Сформированной нами группы никогда и нигде не существовало. Все ее члены числились где угодно и кем угодно, но только не в «Айка-Матке». Большинство из них друг друга даже не знали – только те, кому предстояло работать вместе. Но даже этих мы решили свести для отработки взаимодействия в последний момент. И не потому, что конспирация – болезнь заразная; иногда без нее впрямь не обойтись.
Мы постарались продумать все, действовать с двойной и тройной страховкой, по всем направлениям сразу, чтобы никакая отдельная неудача не сказалась на конечном результате.
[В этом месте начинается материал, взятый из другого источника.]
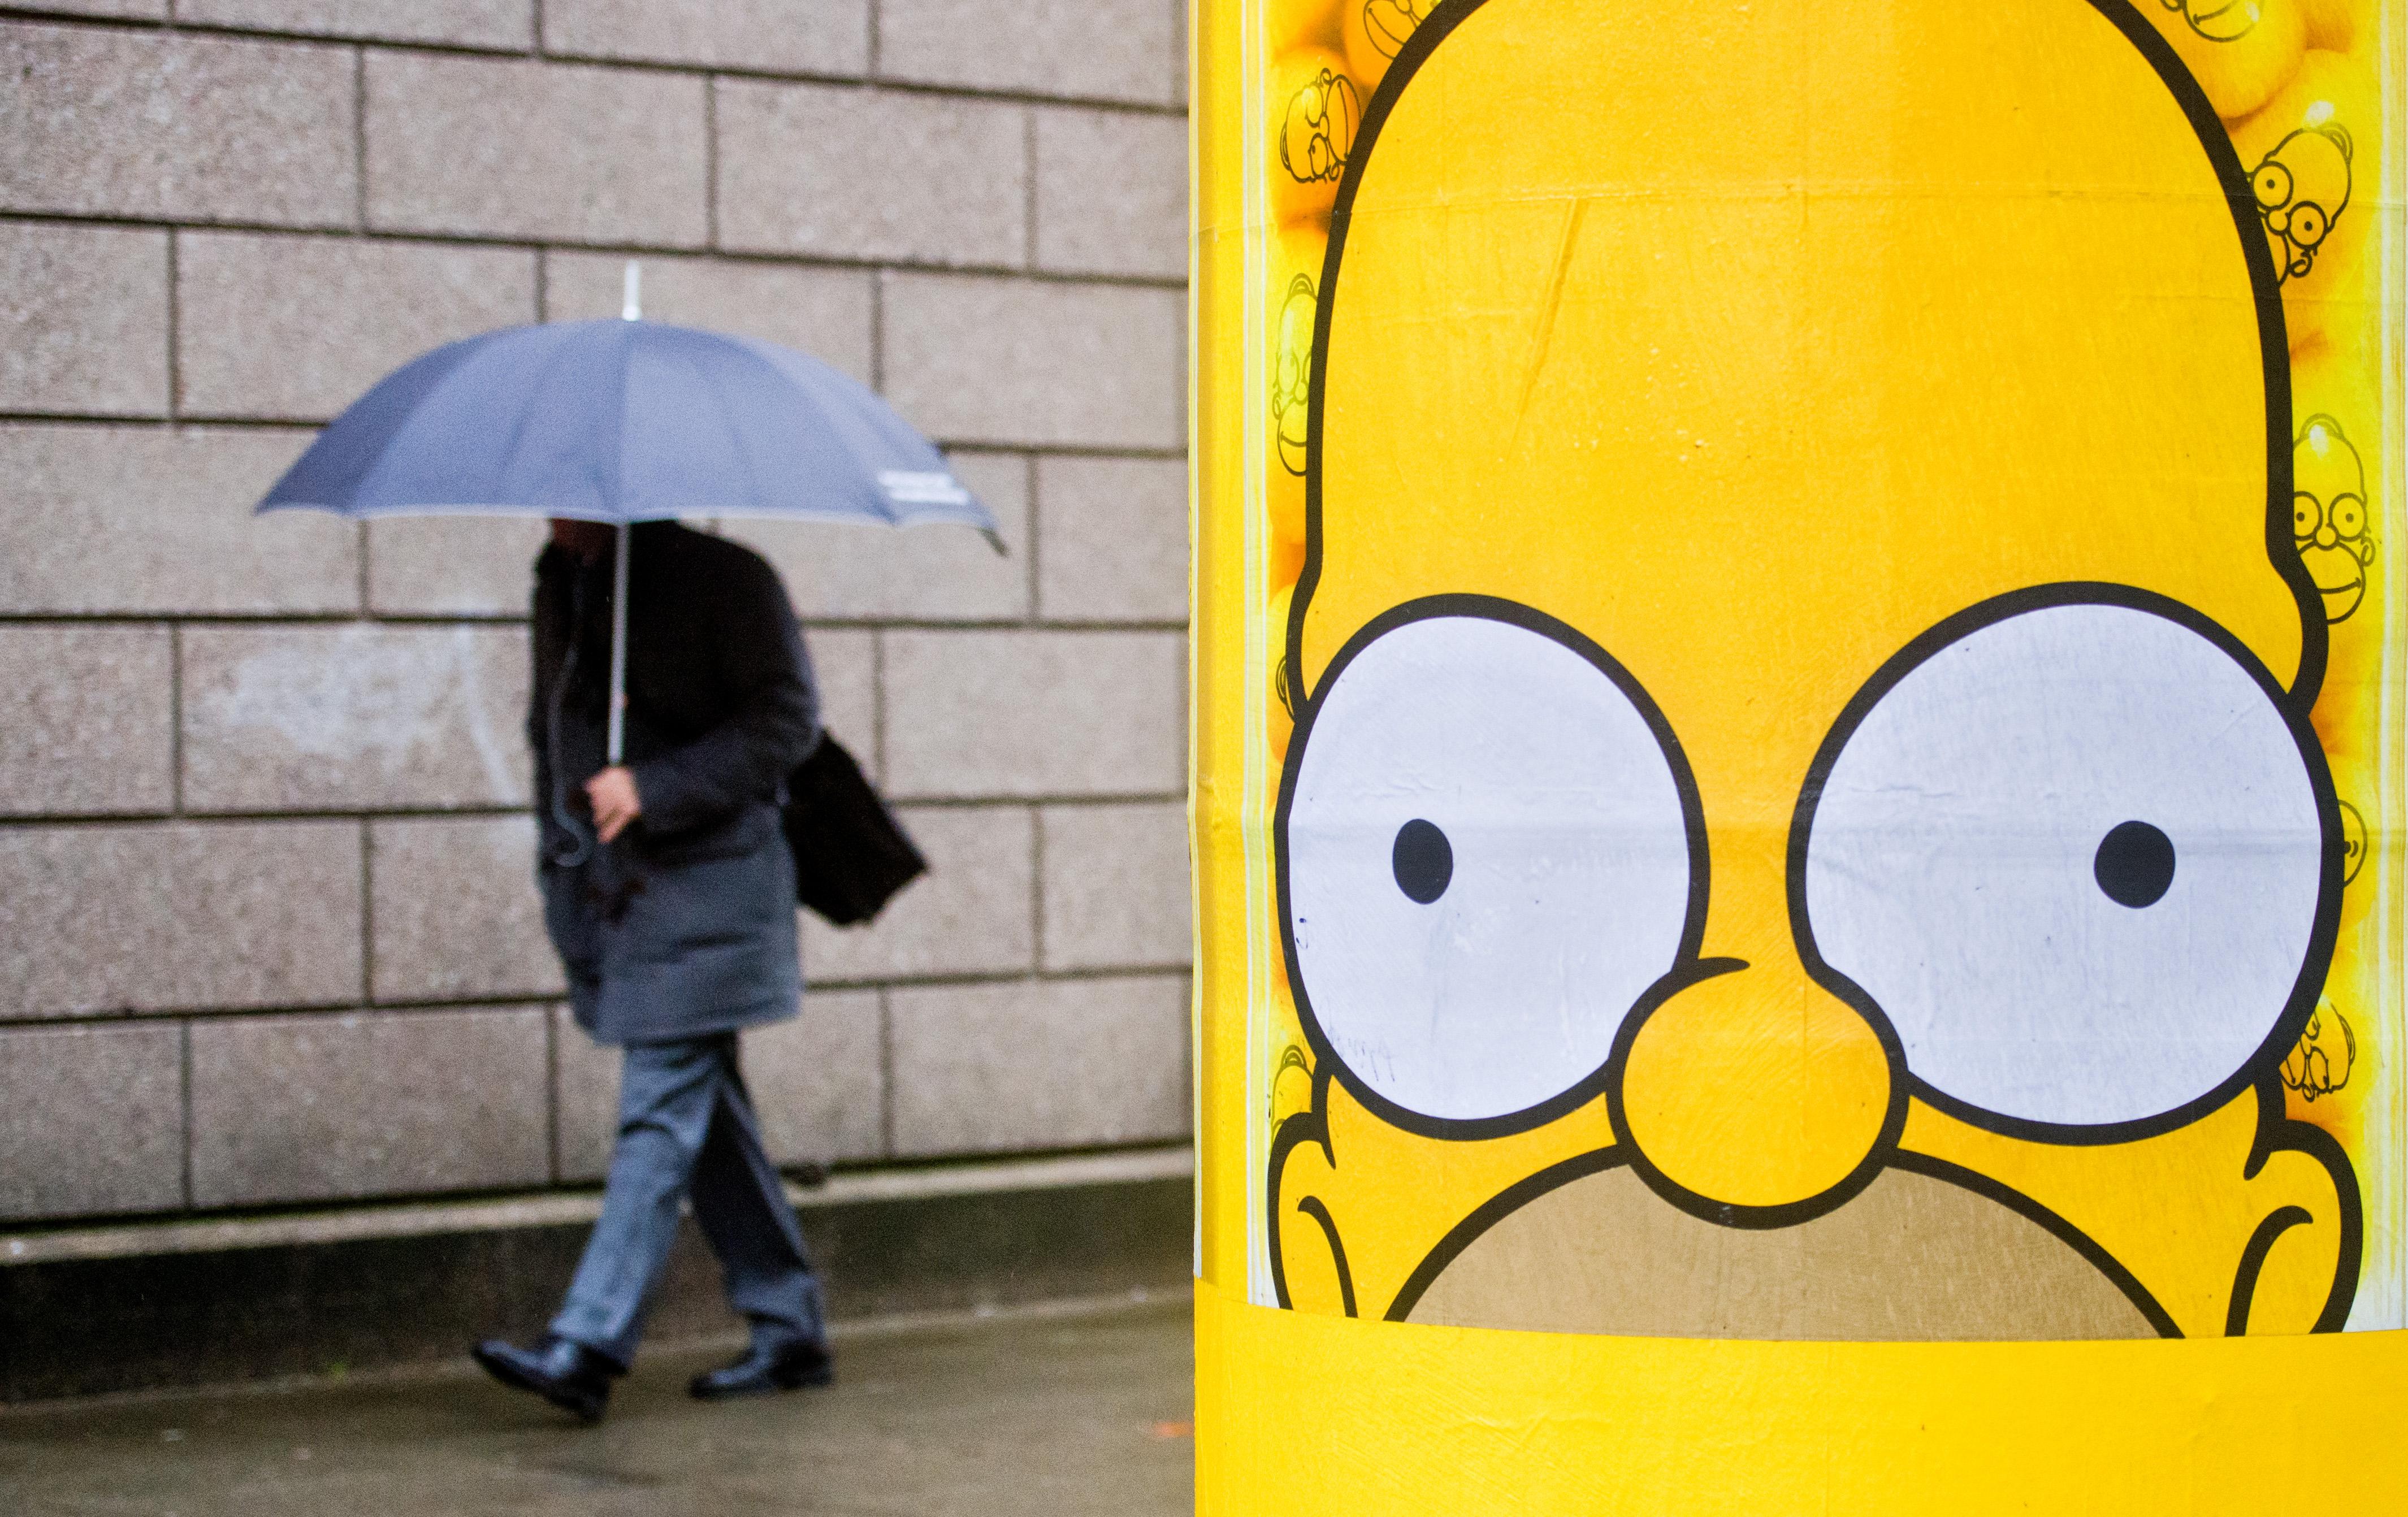 Rainy weather in Hanover

Для начала мы отправили в первый век (тогда, правда, никто не знал, что он первый, это куда как позже придумали, но говорить так сейчас проще и привычней) Джада Саймонса, свежеиспеченного доктора гебраистики из университета Оклахомы. Он должен был стать – и стал – одним из двенадцати учеников. Кстати, могу вас заверить: ни на кого он не доносил, ни от кого тридцати сребреников не получал и не вешался в Акелдаме с лопнувшим чревом. Он благополучно вернулся домой, а полученный от нас гонорар на многие годы сделал его весьма независимым исследователем. Правда, зовут его теперь тоже несколько иначе, да и внешне в этом типичном афроамериканце вряд ли кто-нибудь смог бы узнать былого еврея – нынешняя медицина умеет творить чудеса. Однако он не жалуется: материалов, полученных за год жизни в Иудее первого века, ему на сто лет хватит. Если до Аредова века протянет, конечно. Но это так, между прочим. Важно, что от него мы получали самую достоверную и оперативную информацию.